Task to complete
Exact repetition of a range: find the line containing "Italy, Venice, Palazzo" and the line containing "Man reading bible" in the material below, then repeat both and all lines between them, leaving pictures out.

Dataset

Start of Block

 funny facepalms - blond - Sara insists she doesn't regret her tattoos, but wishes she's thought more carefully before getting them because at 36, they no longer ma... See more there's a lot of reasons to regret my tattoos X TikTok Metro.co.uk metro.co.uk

End of Block
Start of Block

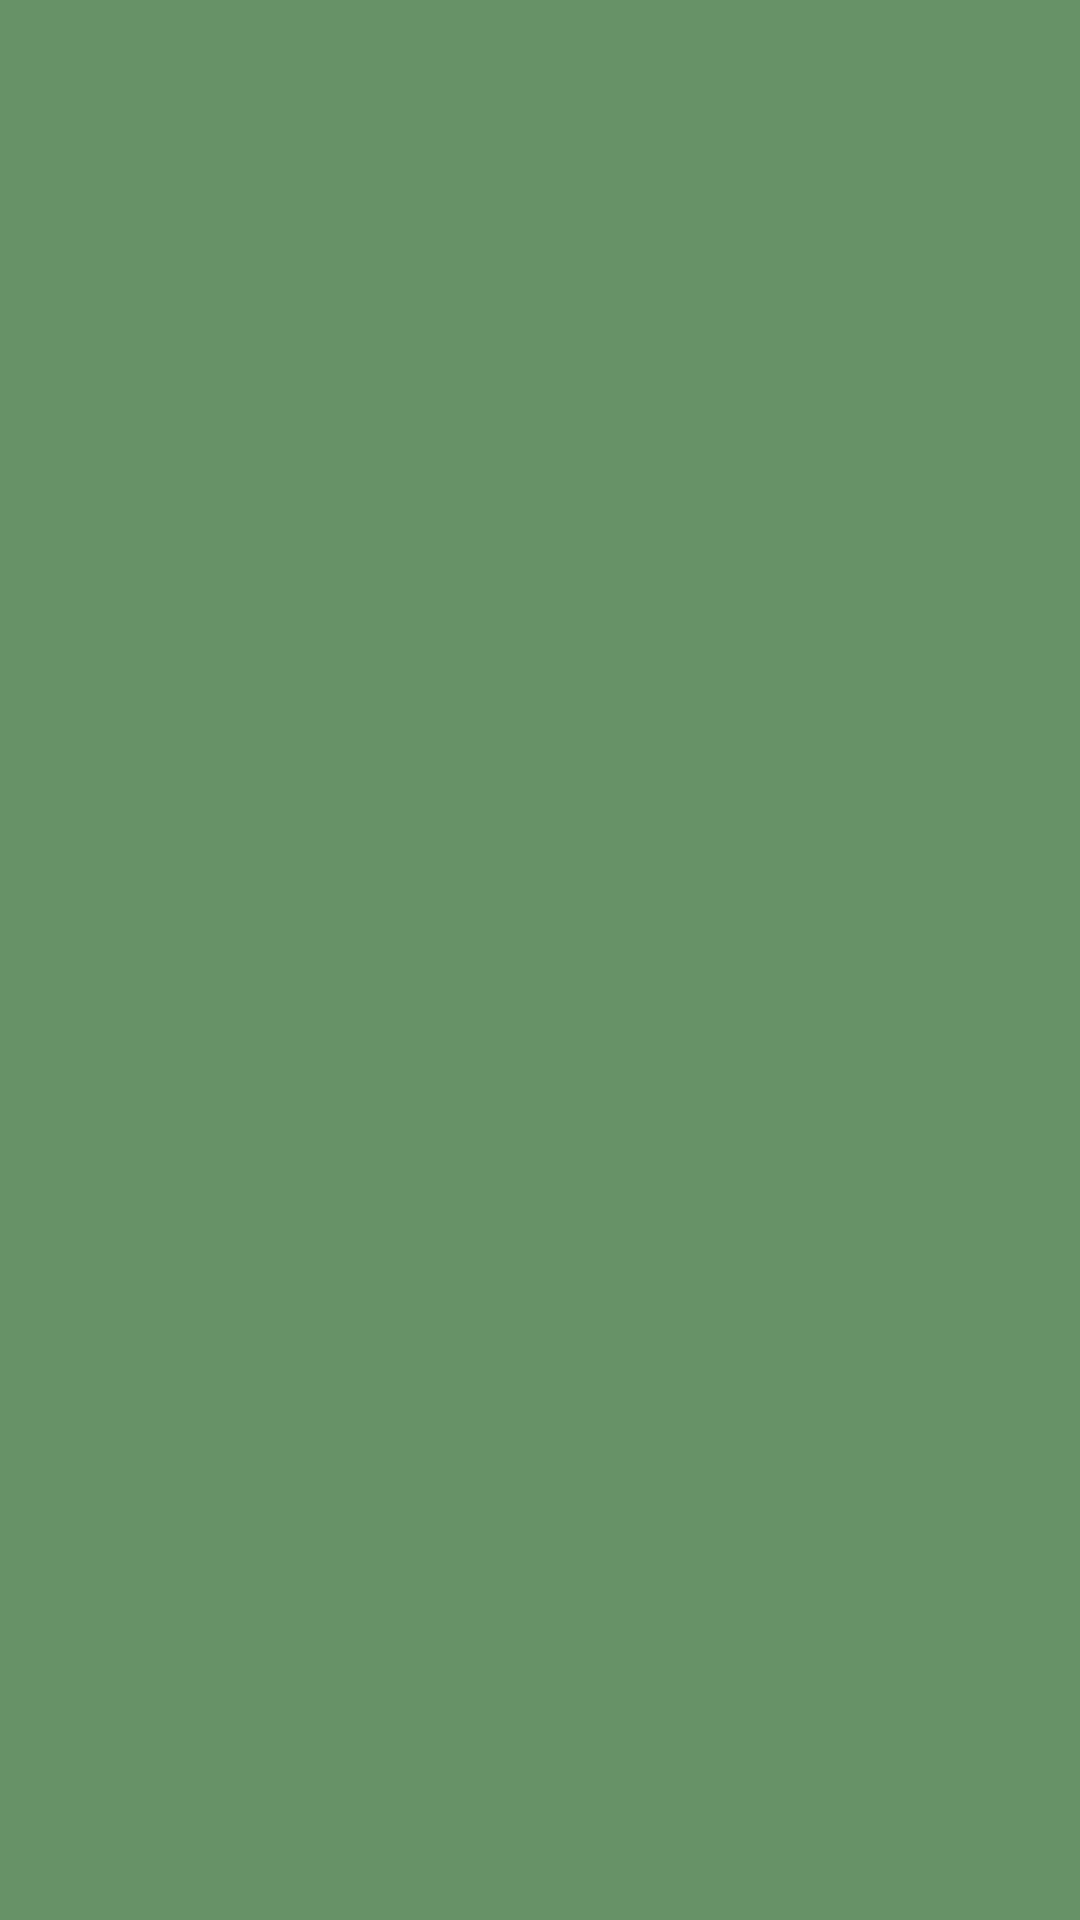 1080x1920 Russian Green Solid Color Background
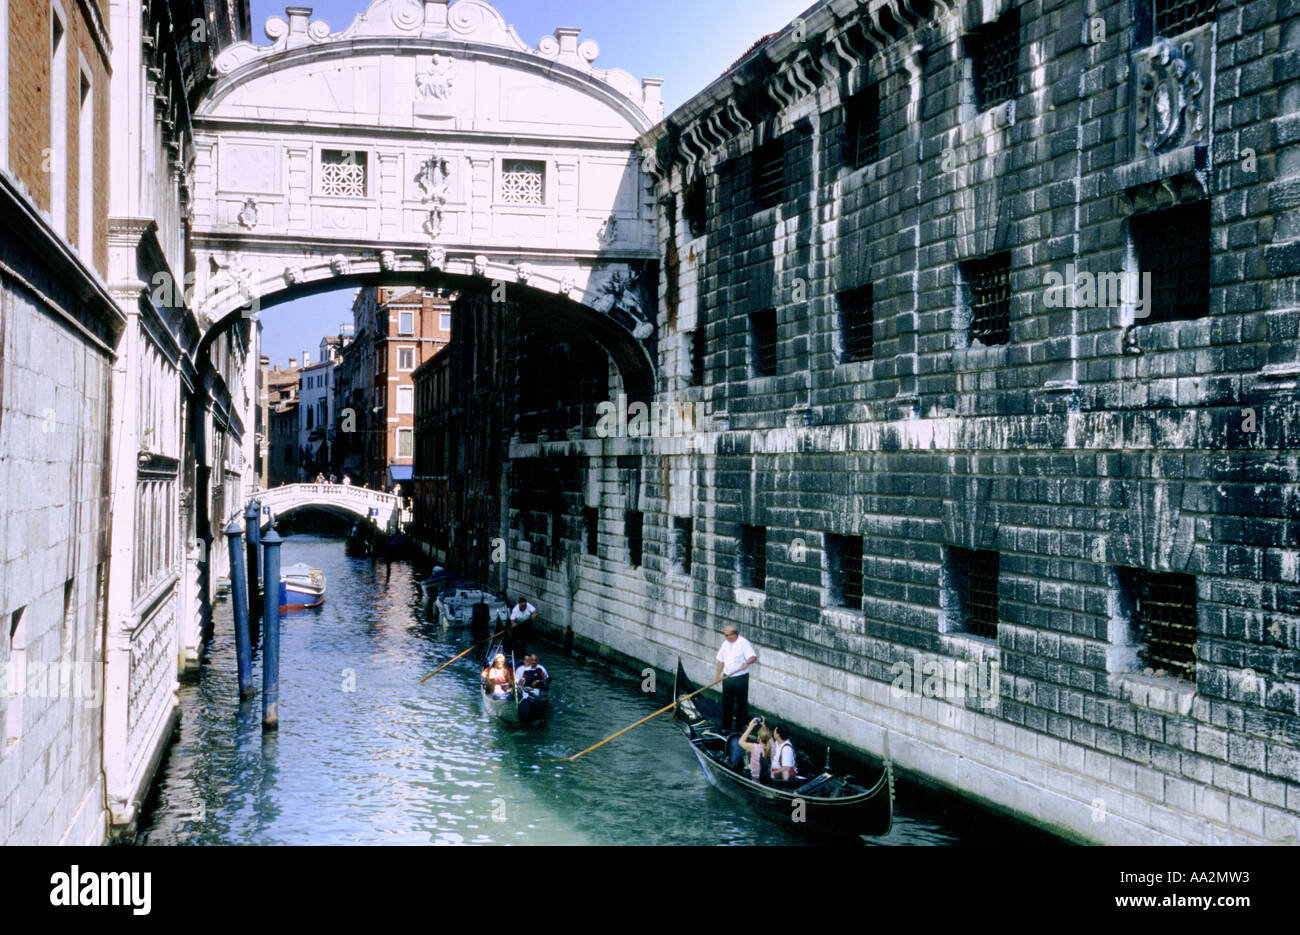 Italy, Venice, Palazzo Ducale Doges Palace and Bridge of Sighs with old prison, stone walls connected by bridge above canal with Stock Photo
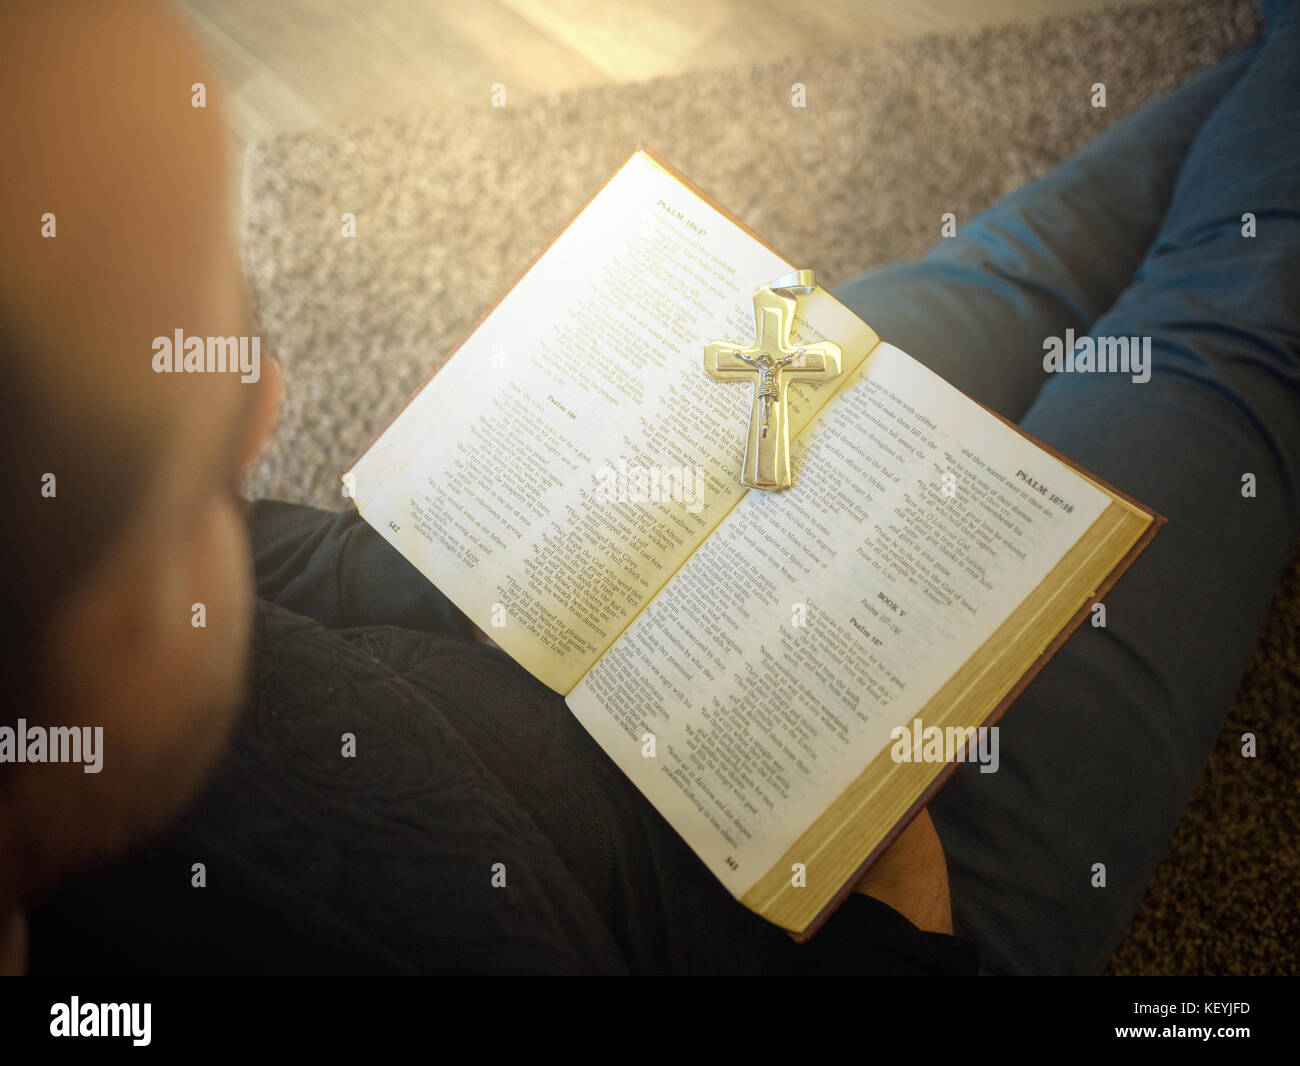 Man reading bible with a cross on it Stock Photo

End of Block

Task answer
 Italy, Venice, Palazzo Ducale Doges Palace and Bridge of Sighs with old prison, stone walls connected by bridge above canal with Stock Photo
 Man reading bible with a cross on it Stock Photo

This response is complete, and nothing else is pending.